Conversely, suppose that X is infinite, and build an injection f:N-->X inductively as follows. Suppose you have decided on f(1),f(2),...,f(m) in such a way that they are all different. Then {f(1),...,f(m)} is not equal to X (or there would be a bijection between X and {1,...,m} which we are given that there isn't. So we can find another element of X and call it f(m+1). Continuing in this way we get our map f. [For the cognoscenti: I have used the axiom of countable choice, because I made a countably infinite number of decisions (one for each m) without saying how I did it.]

4. A set X is countable if it is finite or if there is a bijection f from X to N.

This is supposed to capture the idea that the elements of X can be arranged in a "list". (But be careful with this way of looking at it - the idea of a bijection is more precise.) If g:N-->X is a bijection, then the list would go g(1),g(2),...

A few useful facts (especially for examples sheet questions).

(A) The following statements about a set X are equivalent:

(i) X is countable.

(ii) There is an injection f:X-->N

(iii) There is a surjection g:N-->X

I'll prove this in lectures. Notice that (ii) and (iii) follow immediately from (i). Also, (ii) and (iii) are easily seen to be equivalent if you use the fact that a function is an injection/surjection if and only if it has a left/right inverse.

(B) A union of countably many countable sets is countable. To be more precise, if A1, A2,... are countable sets, then A1U A2 U A3 U... is countable.
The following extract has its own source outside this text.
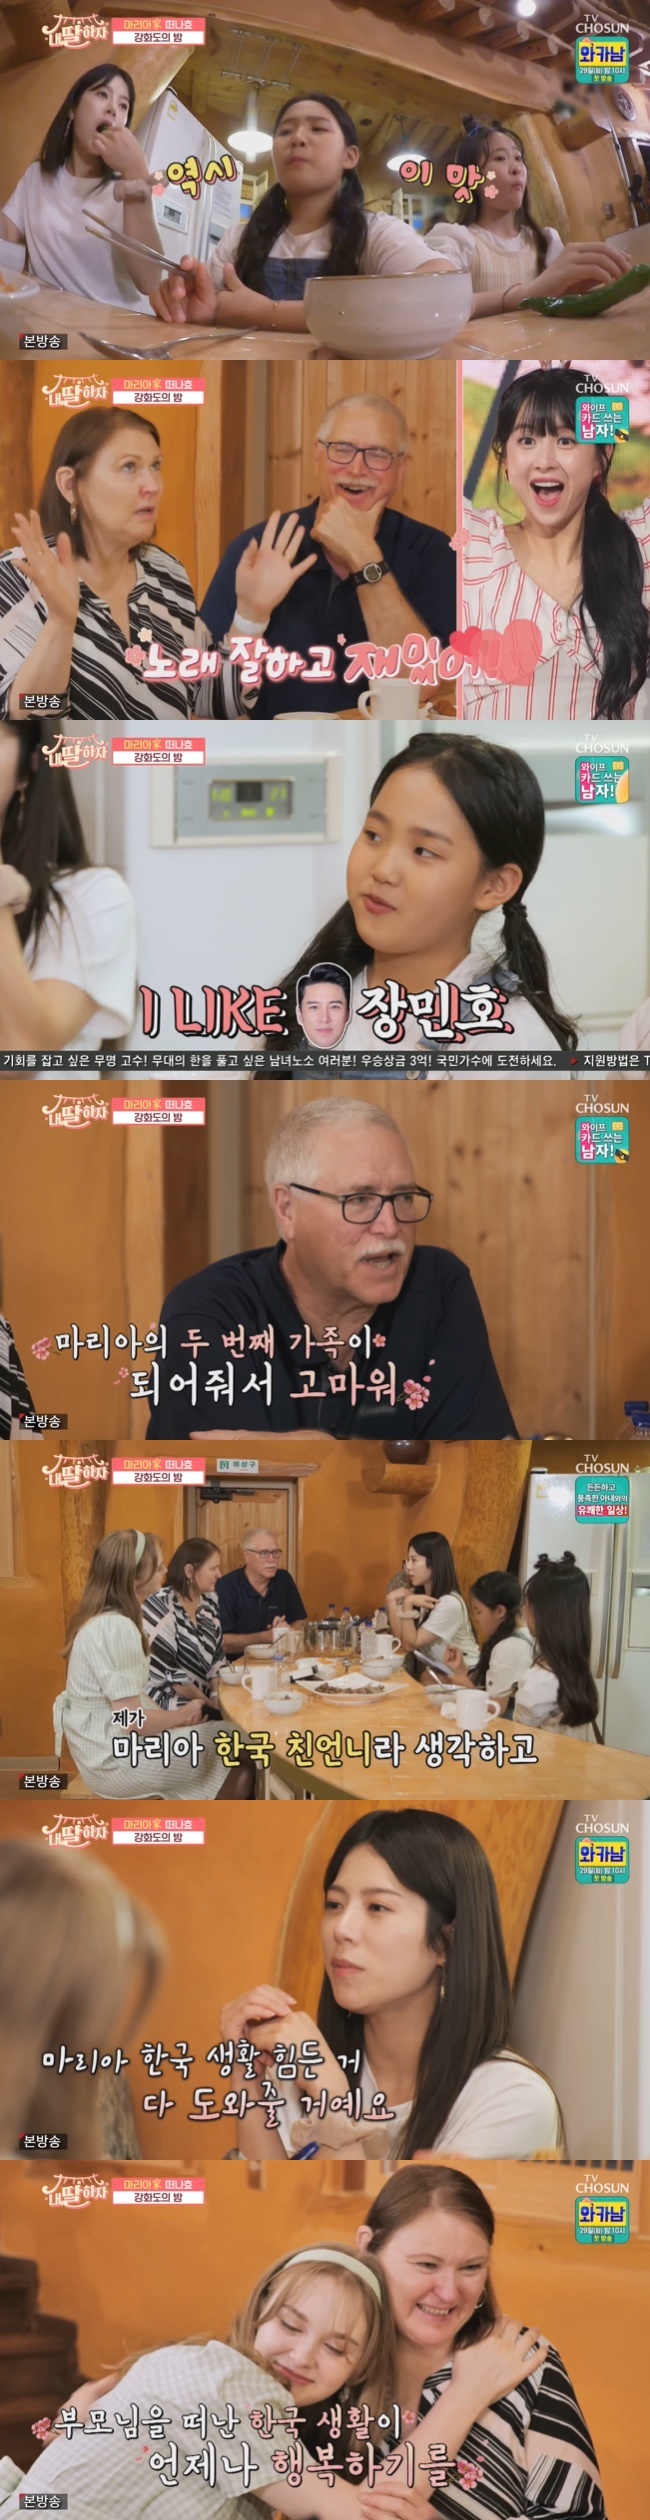 Yang ji-eun reassured Mary parents who were worried about their daughters life in Korea.On June 25, the TV Chosun My Daughters Hazard, Yang ji-eun made memories in Mary Family, Kim Da-hyun, Kim Taeyeon and Ganghwa Island.Yang ji-eun, who proposed a trip to Ganghwa Island to Marys parents who visited Korea, did his best to present a special day from the tidal flat experience to the black pork meat bowl that was airlifted from Jeju Island.At that time, Kim Da-hyun and Kim Taeyeon acted as if they were Marys fans and presented a song with a cute charm with a song called Dingbee.Kim Taeyeon marveled at Marys parents, saying, Ive never seen a foreigner.Mary said, My sister is a foreigner, but Kim Taeyeon laughed when she said, My sister is a Korean person.Marys parents, who went into the room to avoid the rain, were happy to see Kim Da-hyun and Kim Taeyeon eating with their lovely eyes.Marys mother said she was a favorite member of the group, Singing is good and fun. She also praised the boom, saying, Singing glasses and fun people, always looking for something.Kim Taeyeon confessed shyly to Son Hart, saying I Like Jang Min Ho.Marys mother was impressed by the lullaby she had called Mary when she was a child when she asked to listen to the song.In the warm hospitality of Yang ji-eun, Kim Da-hyun and Kim Taeyeon, Mary Dad expressed his heart that Thank you for being Marys second family.Dont worry, I think Im Mary Koreas sister and Ill help you with anything you can do while youre in Korea, Yang Ji-eun promised.Do Kyung-wan, who saw this, sympathized with Marys parents, saying, Yang ji-eun is deeply sick, I know what parents want most.

This is very useful for showing that sets are countable. For example, to show that the rational numbers form a countable set, let Aq be the set of all rational numbers that are equal to p/q for some integer p. Since Aq is the union of the three obviously countable sets {0}, {1/q,2/q,3/q,...} and {-1/q,-2/q,...}, it is countable. Since Q is the union of the sets A1,A2,... , Q is also countable. (In lectures I shall prove this from first principles as well.)

(C) R is uncountable.

This is proved by Cantor's famous diagonal argument. I shan't reproduce it here but it is very easy to find on the web. This is one of many expositions.

(D) The set of all subsets of N is uncountable.
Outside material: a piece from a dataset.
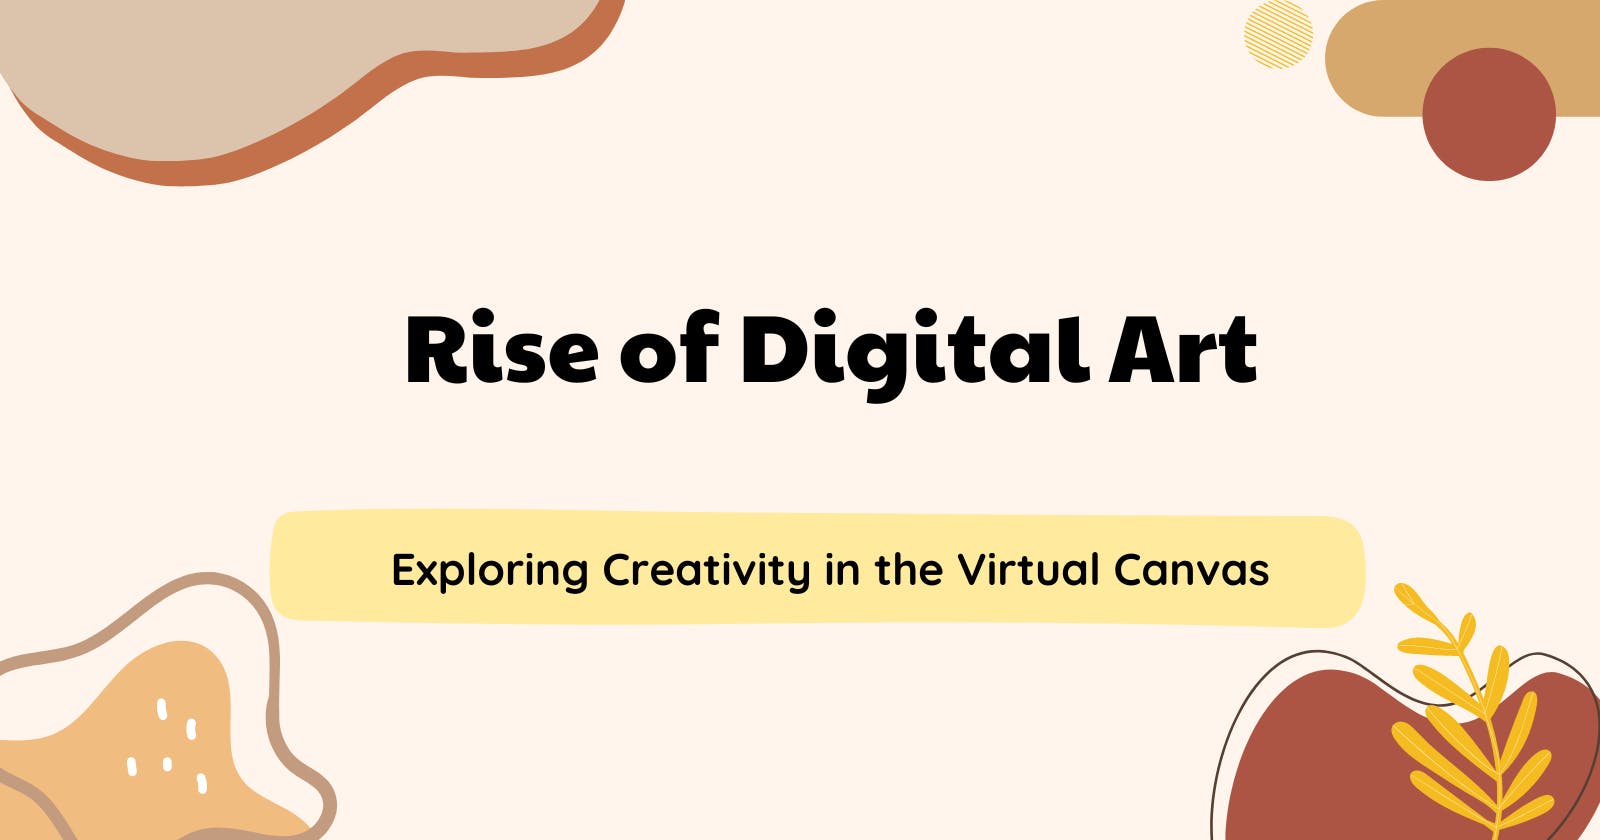 The Rise of Digital Art: Exploring Creativity in the Virtual Canvas

This can also be proved by a diagonal argument. Given a sequence A1,A2,... of subsets of N, define a new set A by the condition that n belongs to A if and only if n does not belong to An. This is enough to ensure, for every n, that A does not equal An. Therefore A was not part of the sequence.

(E) If X is uncountable and f:X-->Y is an injection, then Y is uncountable.

This simple fact is often useful for showing that sets are uncountable. To prove it, note that if Y were countable, then there would be an injection g from Y to N (by the equivalent condition (ii) above) and then gf would be an injection from X to N, contradicting the uncountability of X (again by (ii) above).